> WHAT TO PRODUCE: Your copy should hold only the lines from the one holding "How to make" through the last line of the records below, both included, each exact and with no pictures.

> EXCERPTED RECORDS:
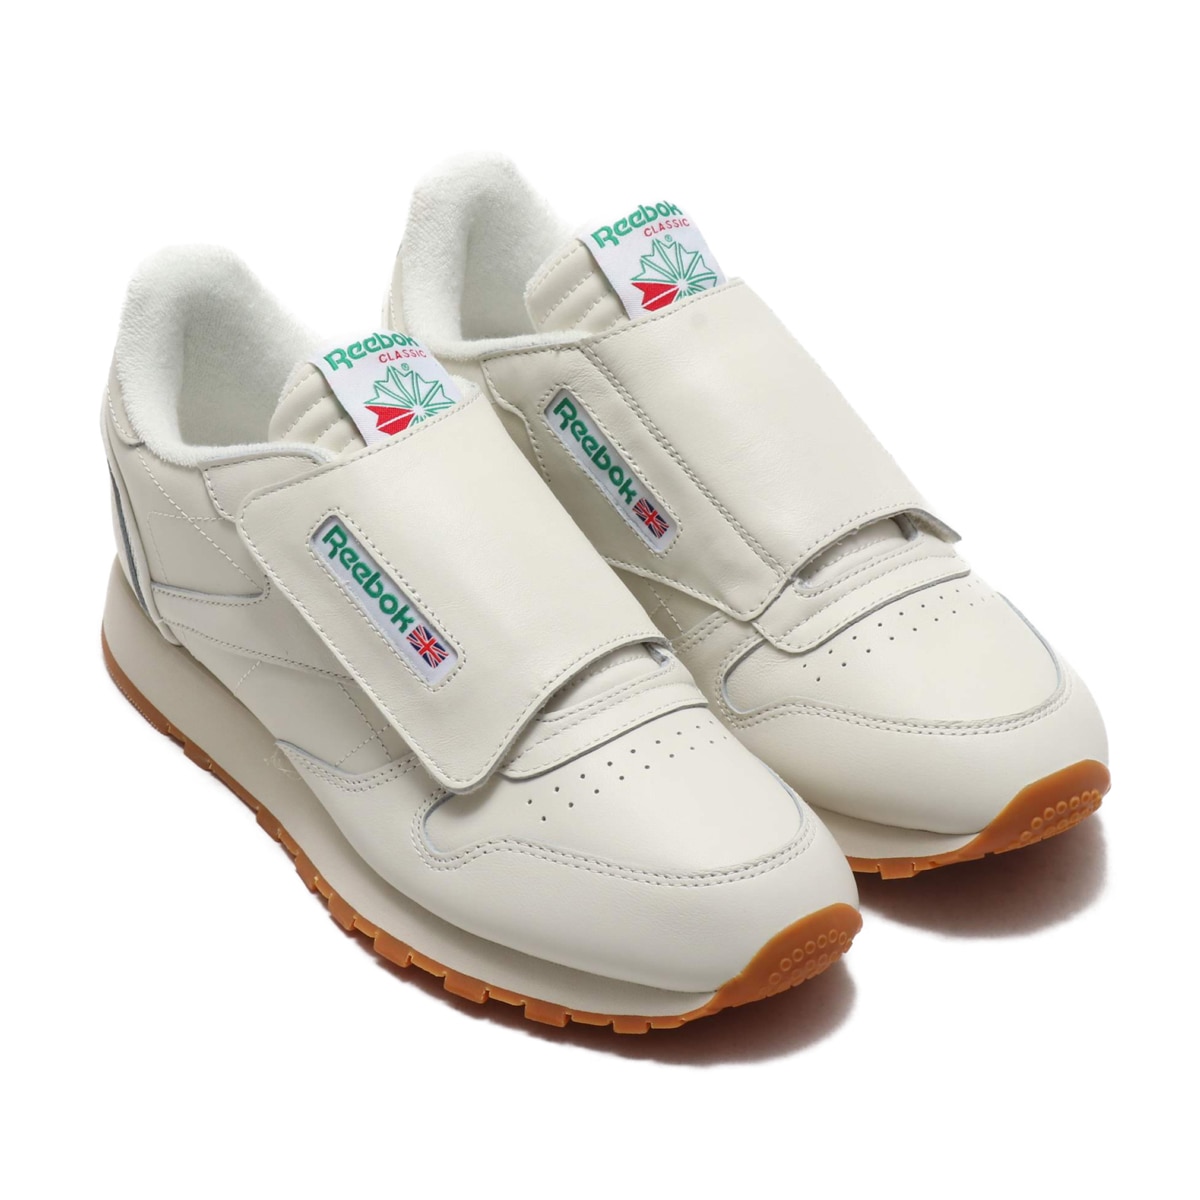 Reebok CLASSIC CL LEATHER STOMPER】リーボック クラシック CL レザー 
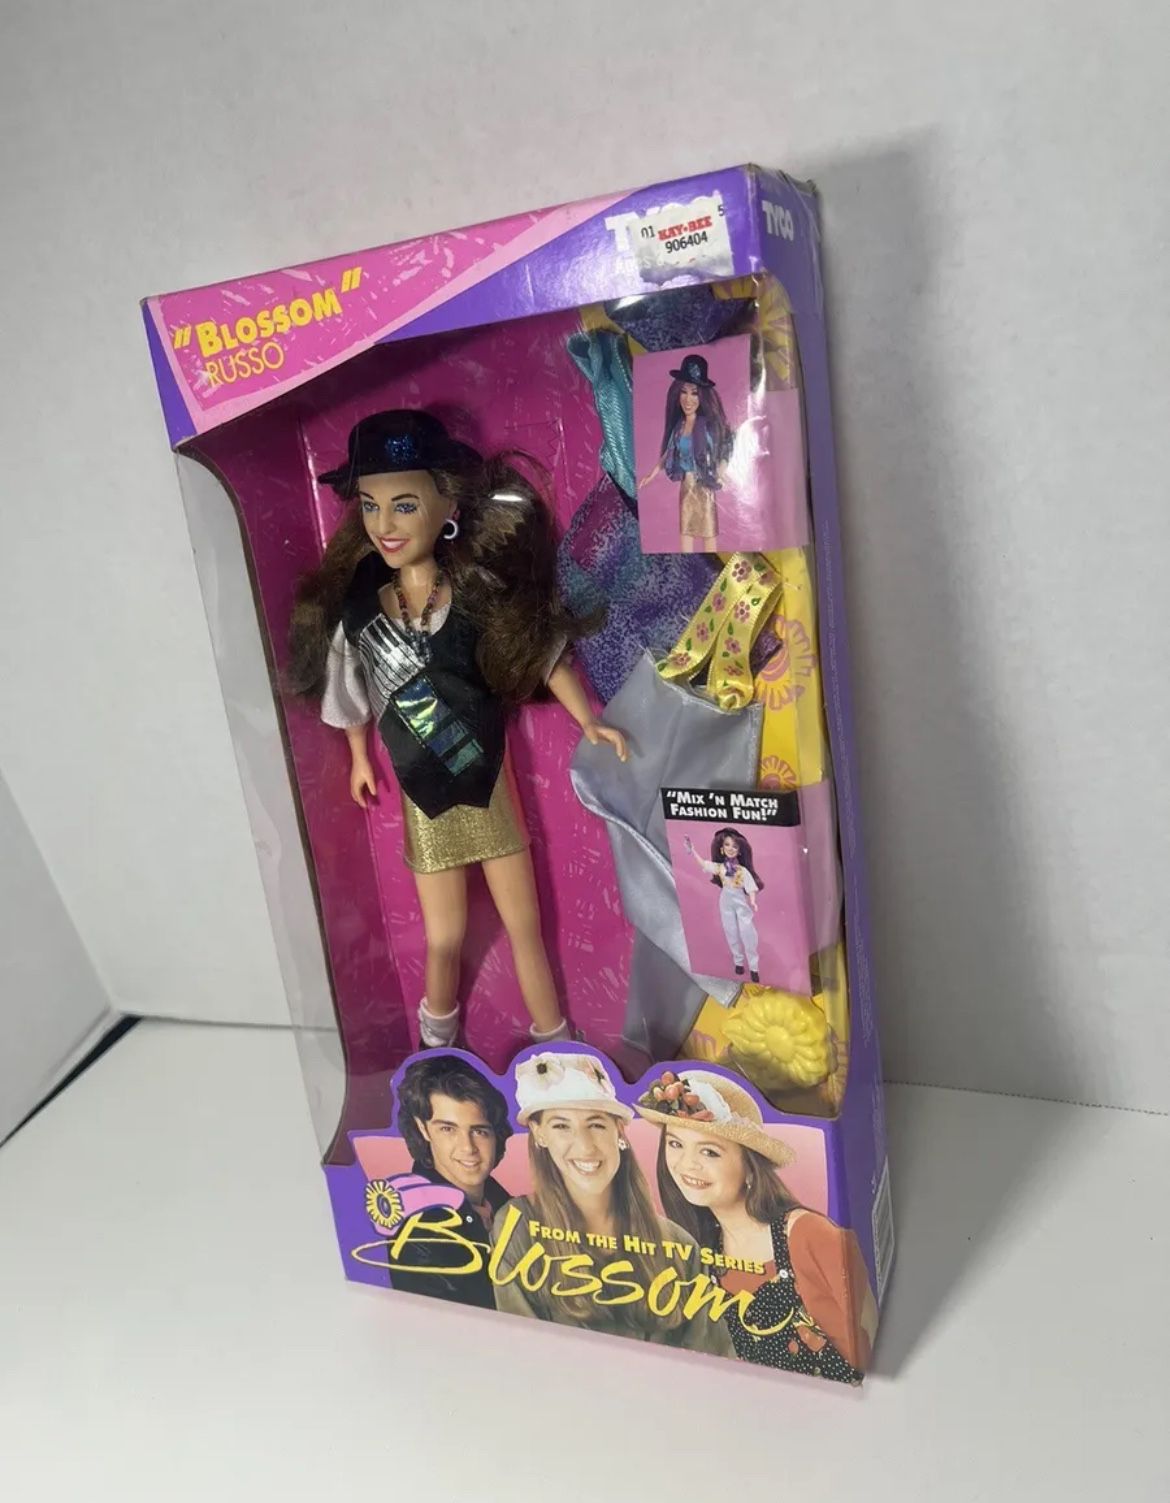 Blossom “Blossom” Russo Doll With Accessories Sealed
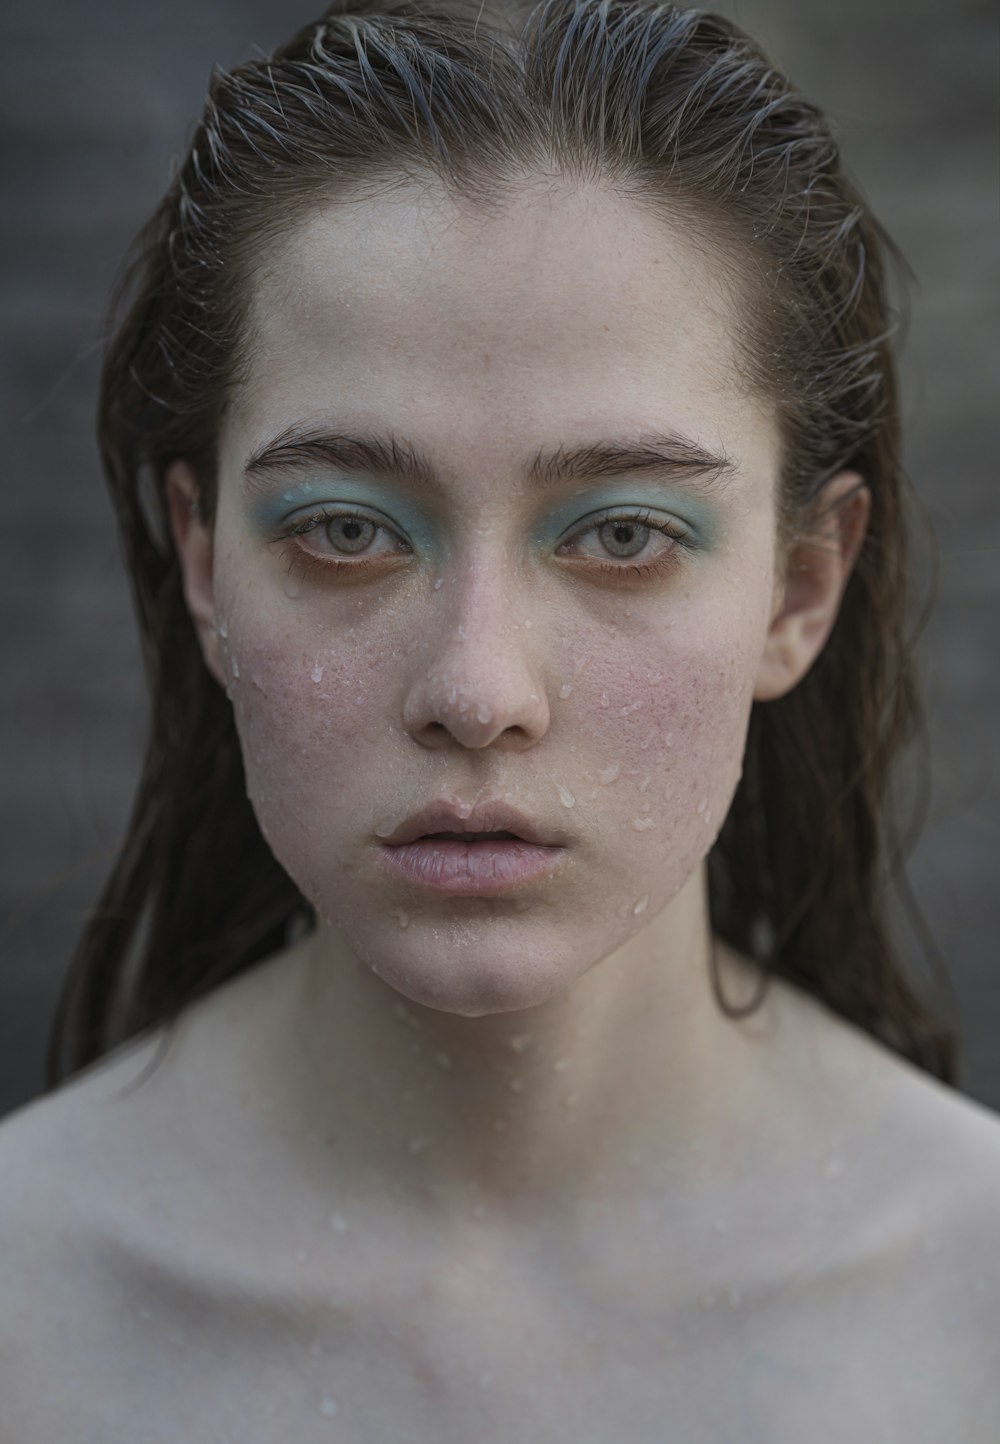 a woman with blue eyes and freckles on her face
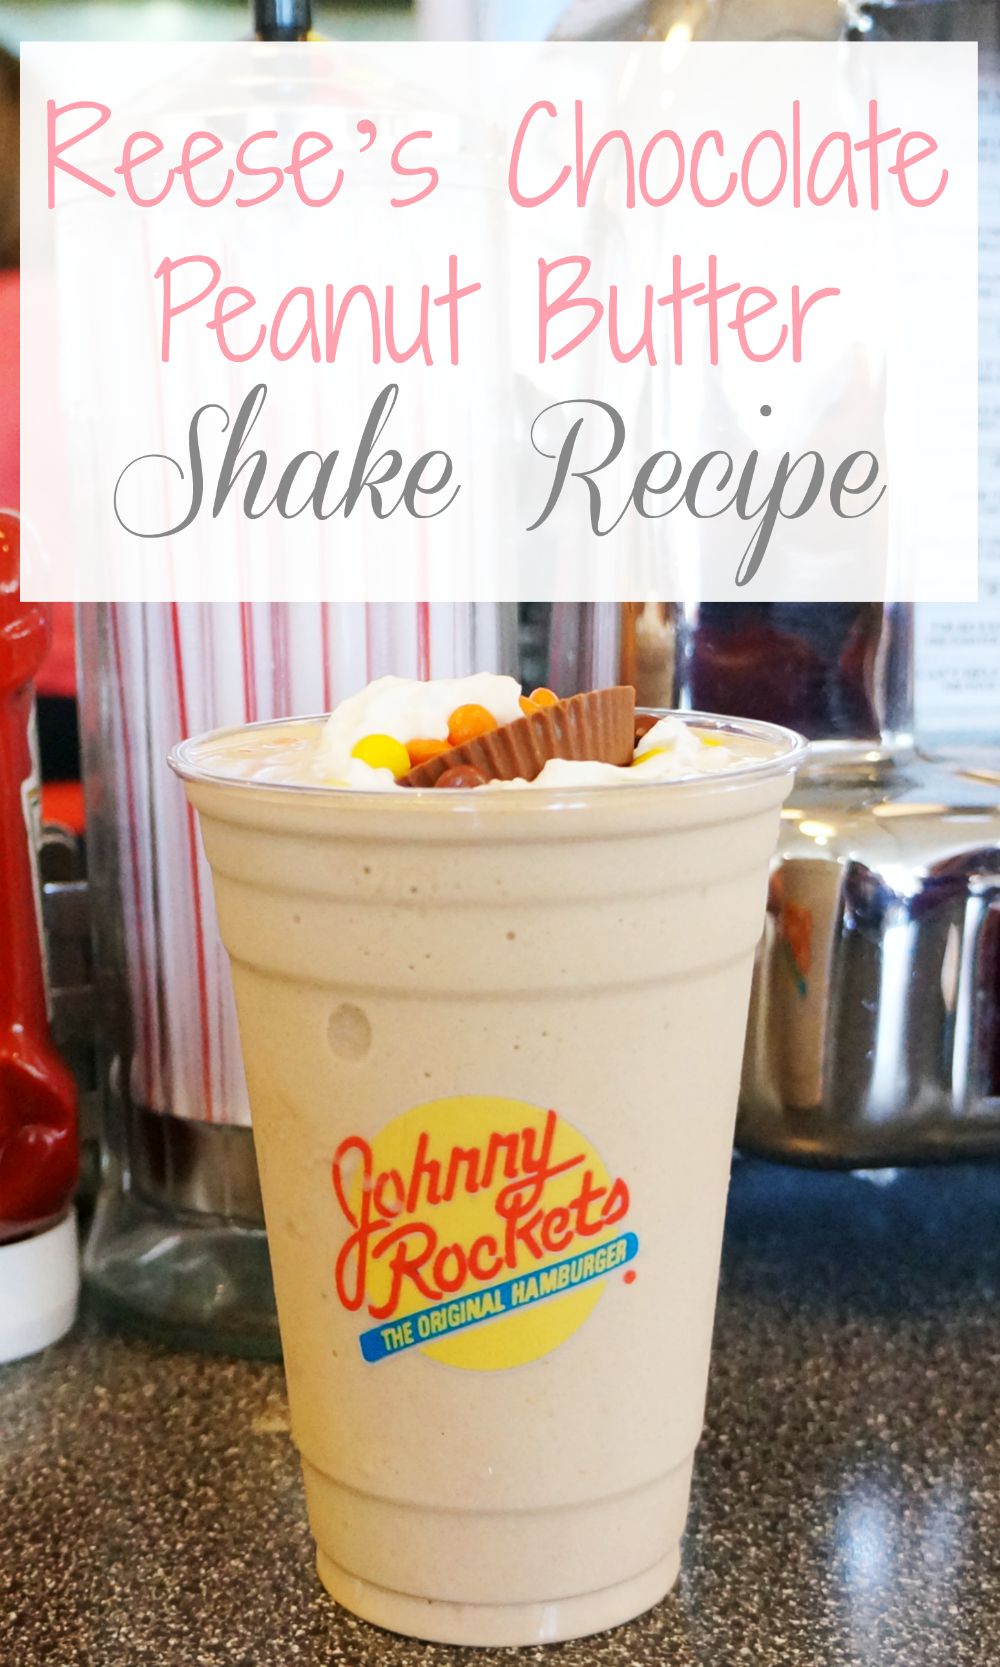 How to make Johnny Rockets Reese’s Chocolate Peanut Butter Shake recipe | #JohnnyRockets #ReesesMilkshake #MilkshakeRecipe #PeanutButterMilkshake #JohnnyRocketsShake #JohnnyRocketsCopyCatShake
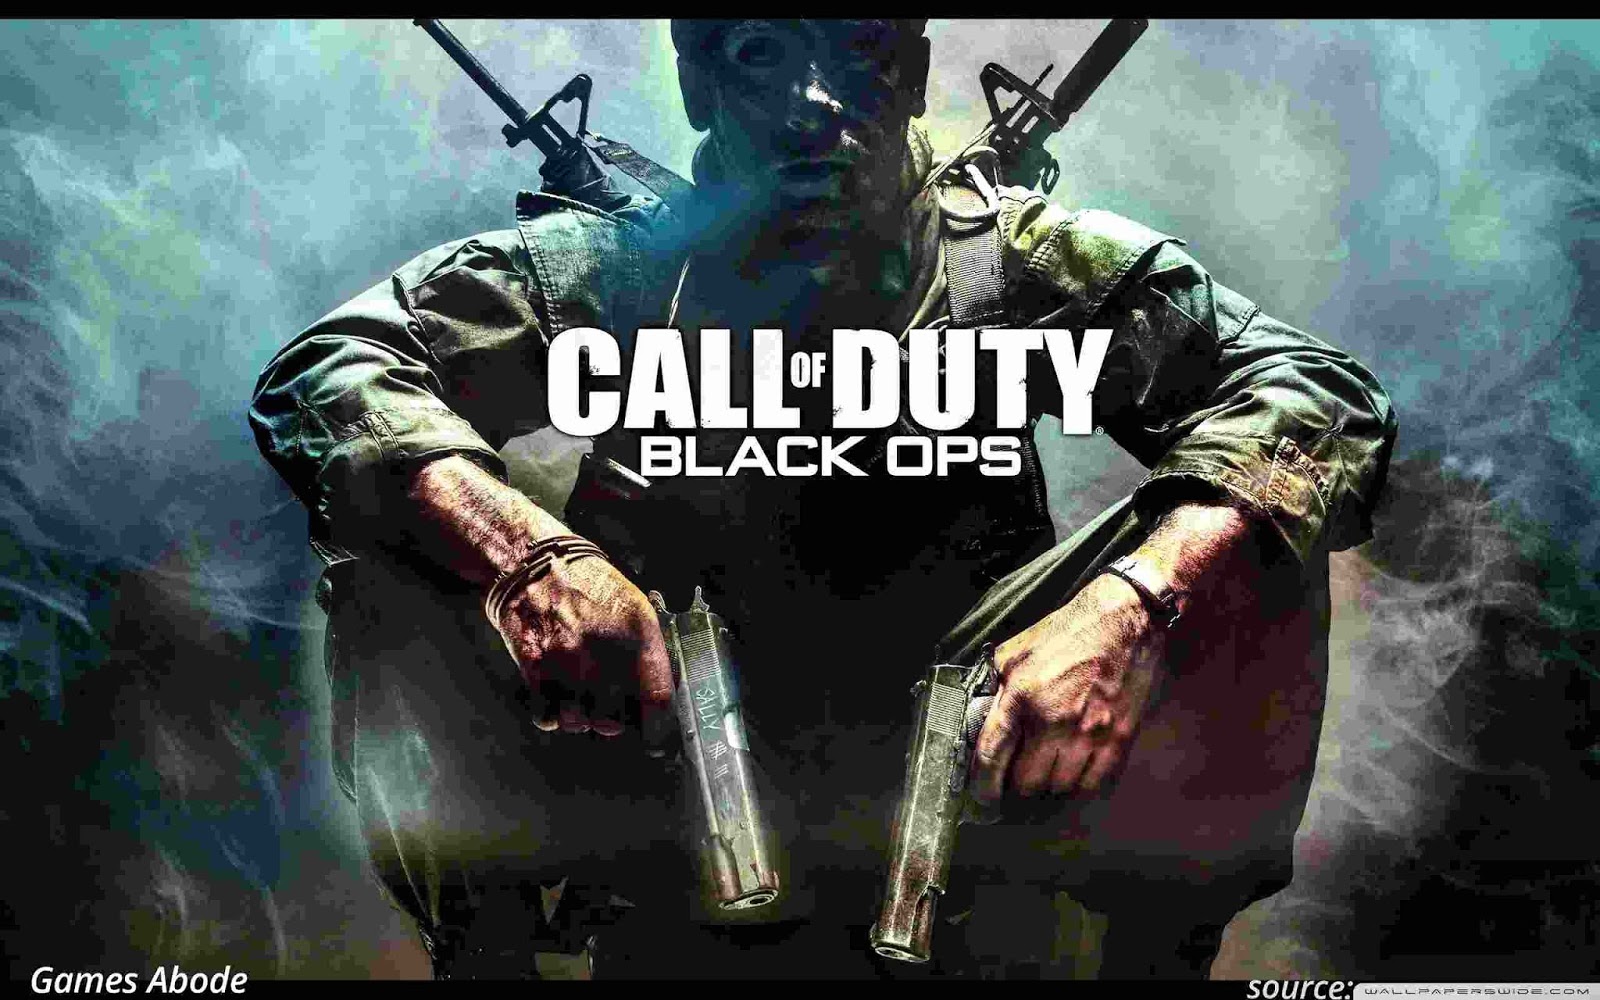 Call of duty black ops pc download highly compressed - ffopspirit

> WRITTEN ANSWER:
 How to make Johnny Rockets Reese’s Chocolate Peanut Butter Shake recipe | #JohnnyRockets #ReesesMilkshake #MilkshakeRecipe #PeanutButterMilkshake #JohnnyRocketsShake #JohnnyRocketsCopyCatShake
 Call of duty black ops pc download highly compressed - ffopspirit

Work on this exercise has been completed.